L'idée est par ailleurs retenue de favoriser la portabilité des droits d'enregistrement pour une habitation propre et unique afin de faciliter les déménagements.Dans la liste des sujets qui ne manqueront pas d'animer les conversations, on peut encore relever la volonté de réduire la vitesse maximale sur les autoroutes à 100 km/h, à 70 km/h sur les voiries régionales et d'aller vers une généralisation du 30 km/h dans les agglomérations.
Une révision de la redevance kilométrique des poids lourds figure également au menu.
- Dans la catégorie des sujets qui fâchent toujours, le secteur de l'aviation n'est pas oublié. Le projet de PACE prévoit ainsi de mettre fin à l'extension de l'aéroport de Liège tant au niveau du nombre de vols que du développement des infrastructures, mais également de revoir à la baisse les objectifs de croissance de l'aéroport de Charleroi et d'encourager le recours au train pour les destinations de courte et moyenne distance. La Wallonie défendrait également une limitation de l'utilisation des jets privés auprès des instances européennes.

- Enfin, dans les mesures diverses, on peut relever la volonté d'encadrer le développement de la 5G pour que l'effet rebond qui découle de son utilisation n'aille à l'encontre des objectifs climatiques ou encore celle de réduire la pression publicitaire pour les produits polluants.
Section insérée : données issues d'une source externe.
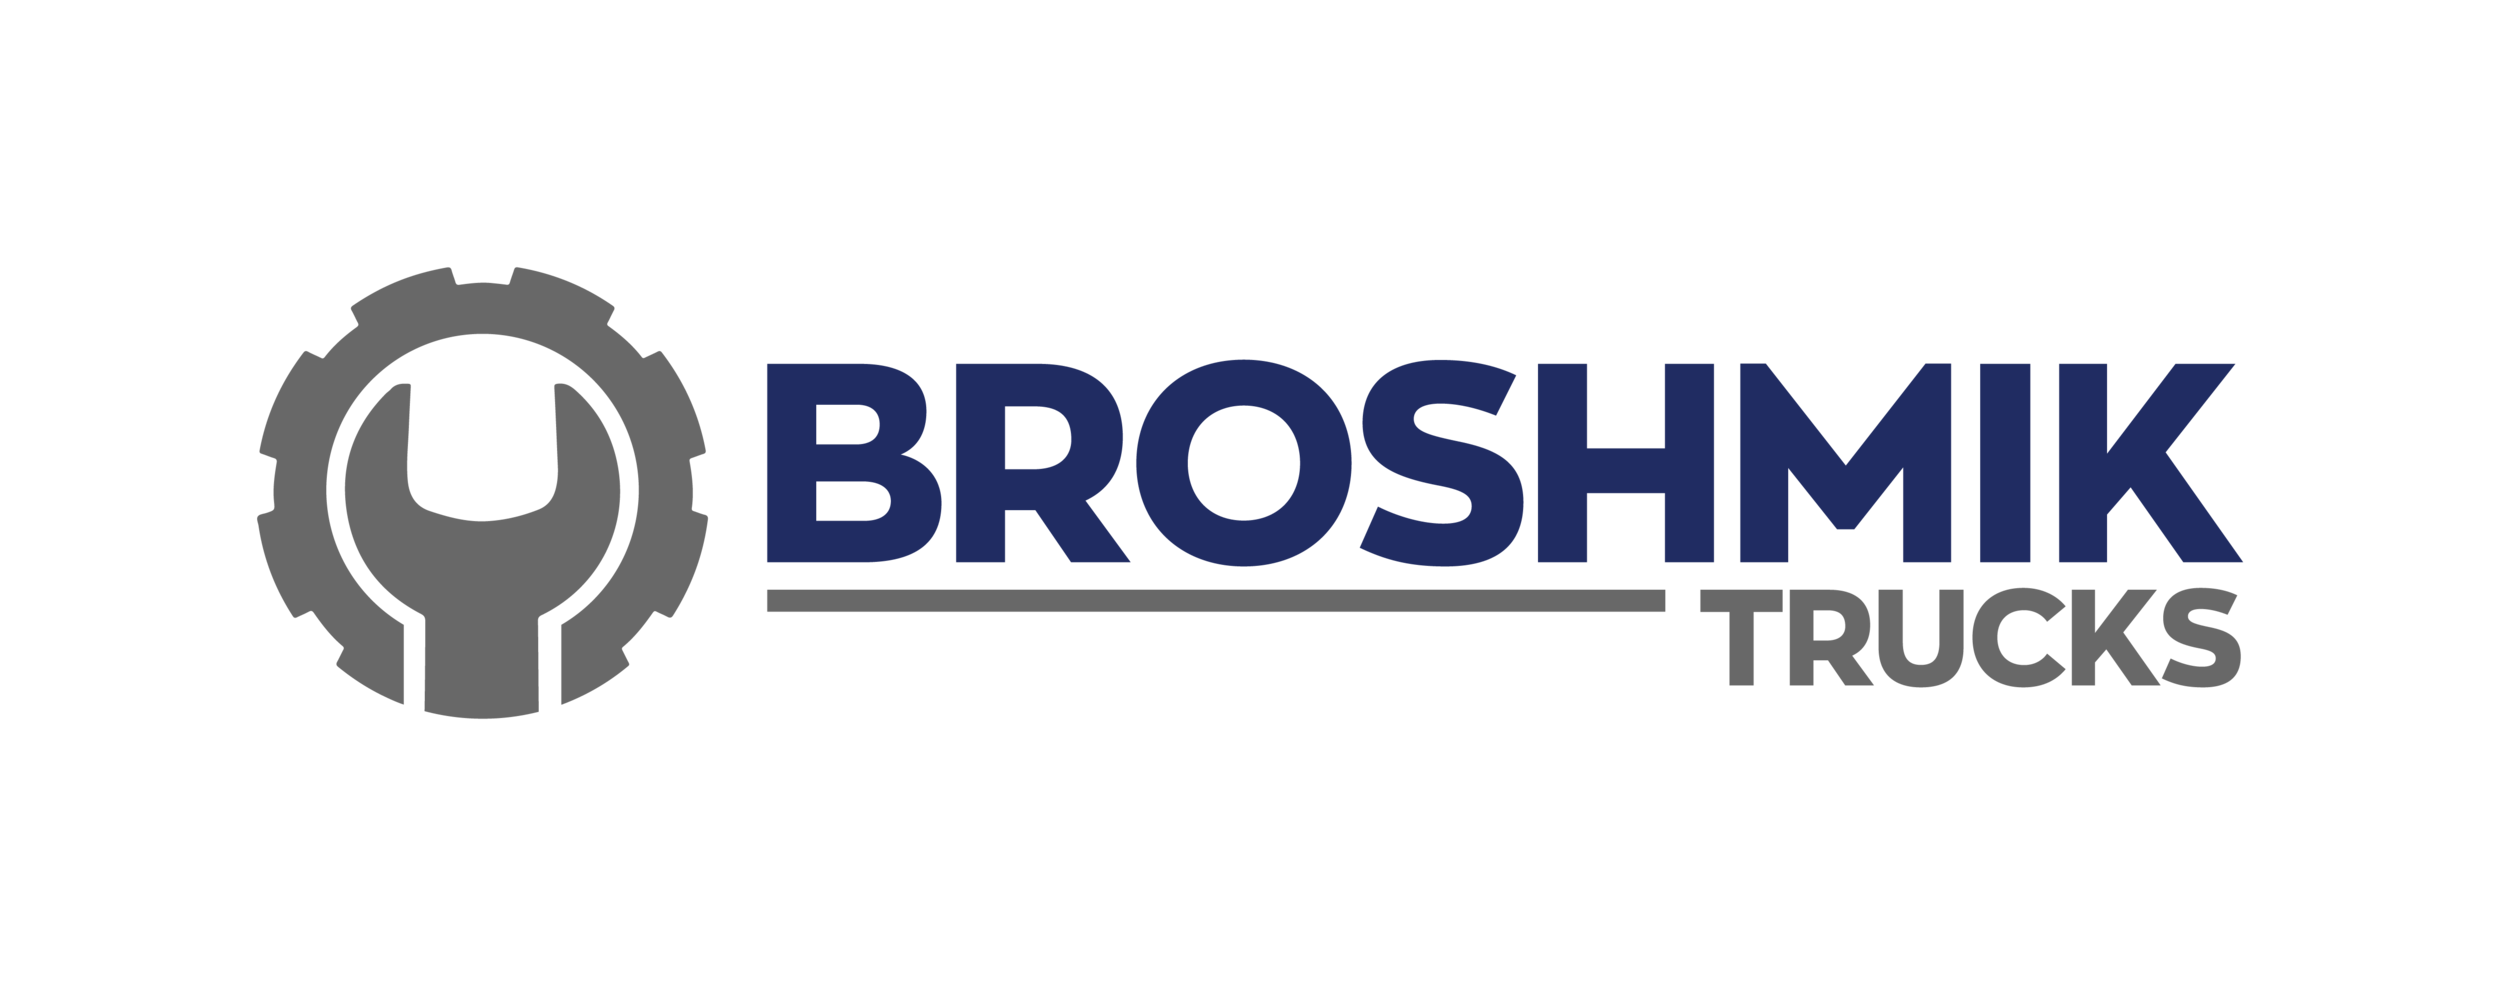 Broshmik Trucks Limited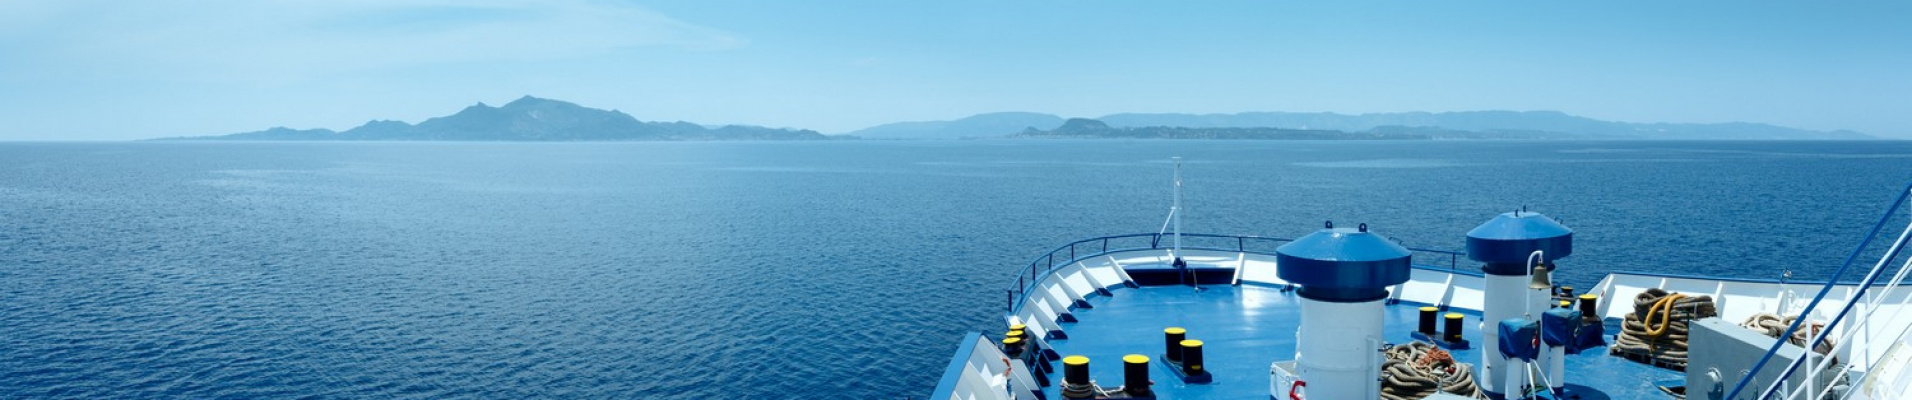 greece-ferry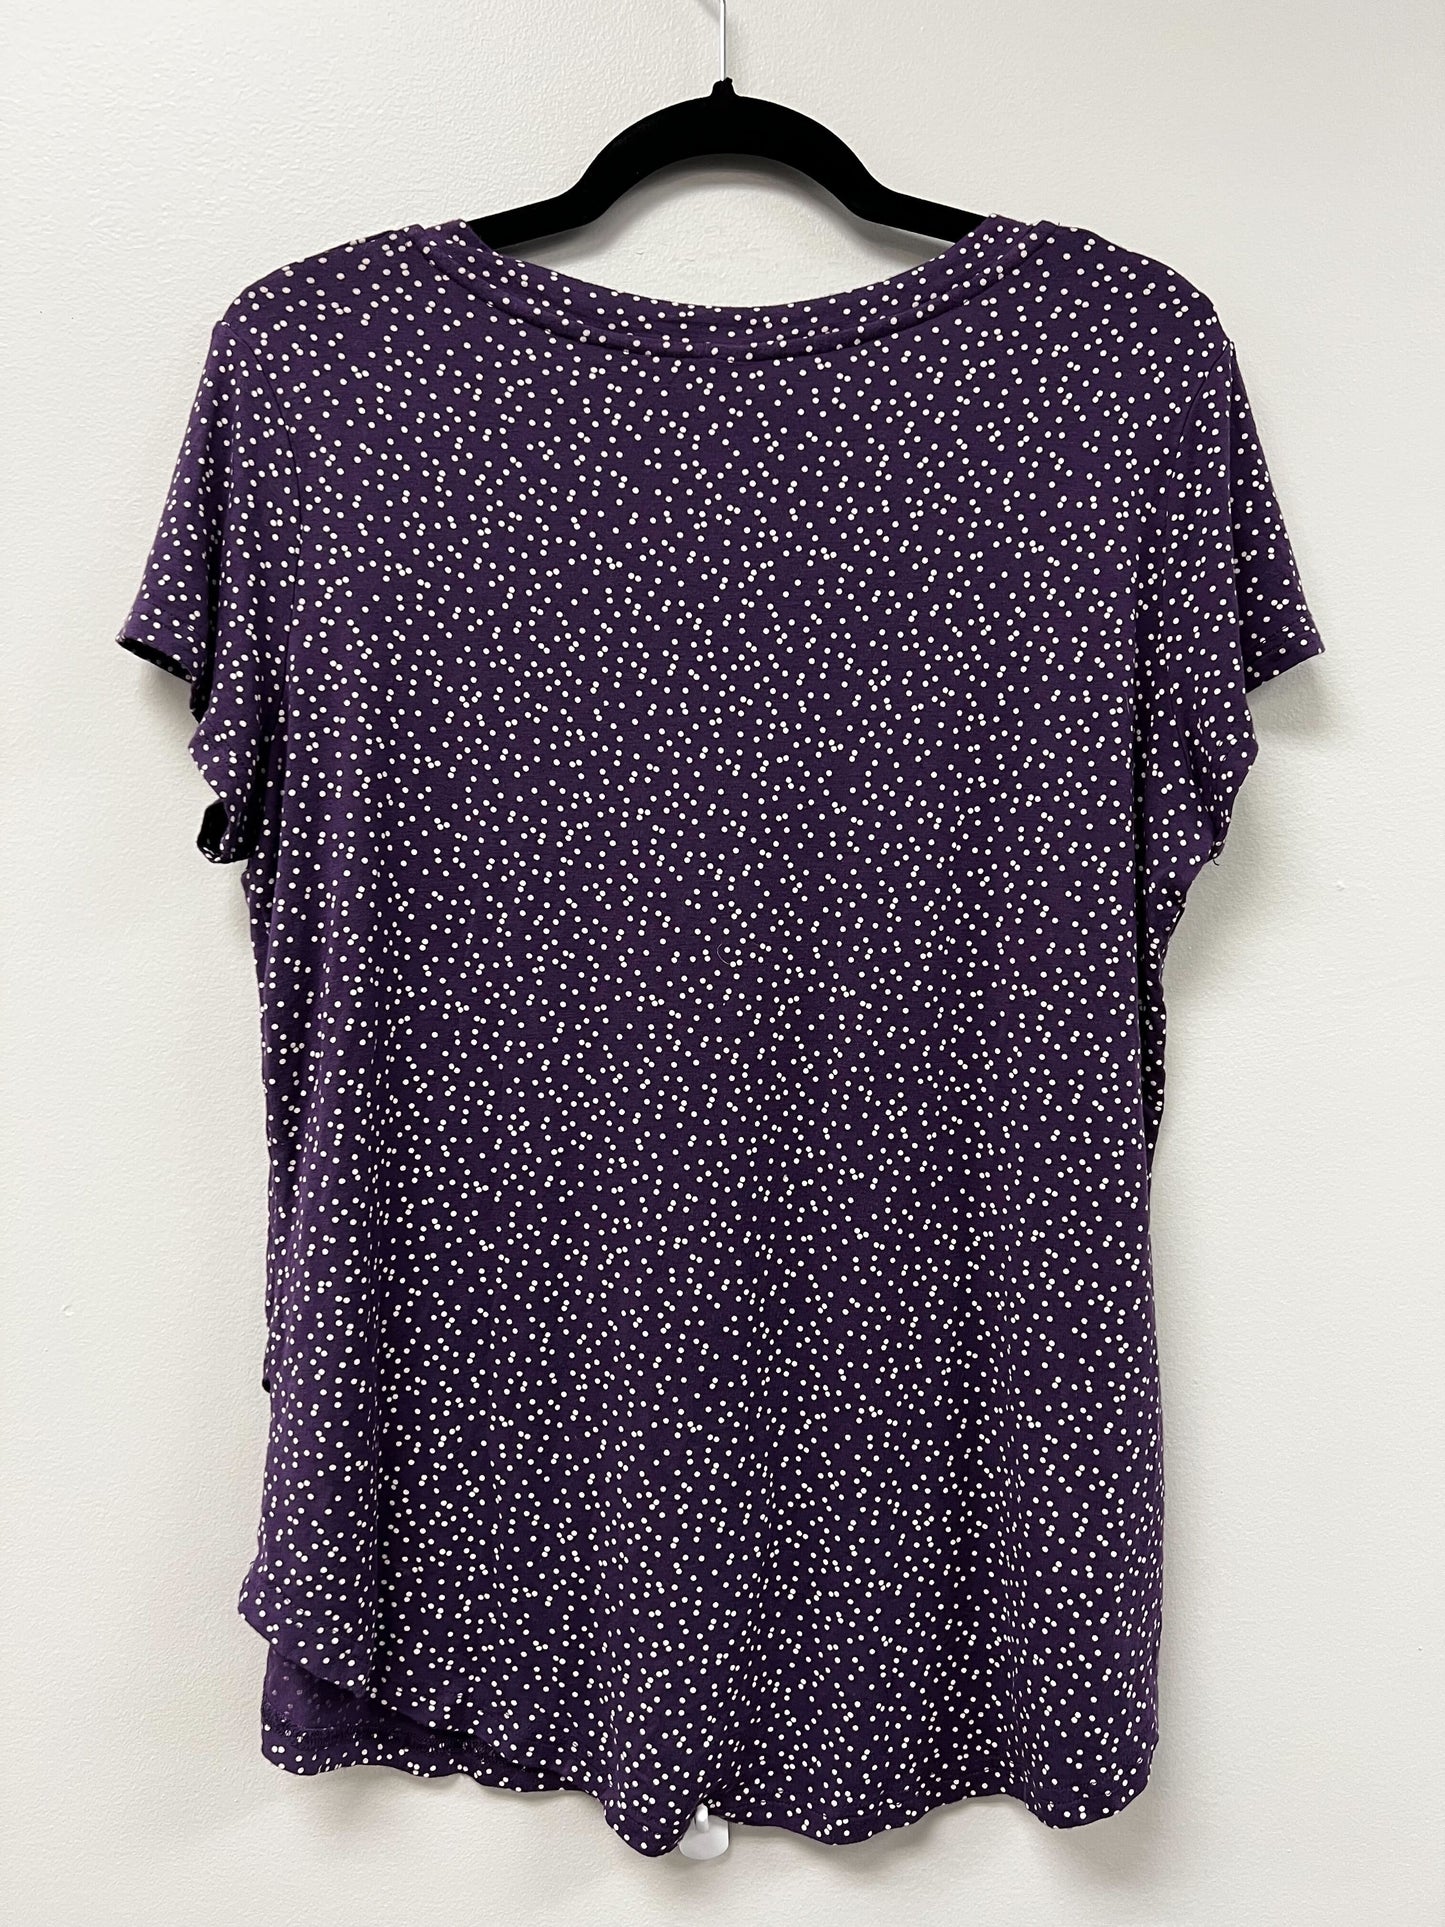 Outlet 6016 - Printed V-Neck Boyfriend Nursing Tee - Purple Dots - Large

Voilà pour les intentions. Le document qui a déjà fait l'objet d'une série de discussions en intercabinets, qualifiées " pas faciles" par un participant, est désormais entre les mains des membres du gouvernement. Nul doute que ceux-ci auront à l'esprit les conséquences des inondations de 2021 et de la sécheresse de cet été au moment de réaliser leurs arbitrages.
LE CONTEXTE
Dans le cadre des nouveaux objectifs européens de lutte contre le réchauffement climatique, la Belgique doit, d’ici à 2030 et par rapport à l’année de référence 2005, réduire ses émissions de gaz à effet de serre de 47 % dans les secteurs dits non-ETS (transport, bâtiments, agriculture, déchets…). Des réductions auxquelles s’ajoutent celles que doivent réaliser les industries lourdes dans le cadre du marché carbone européen (l’ETS).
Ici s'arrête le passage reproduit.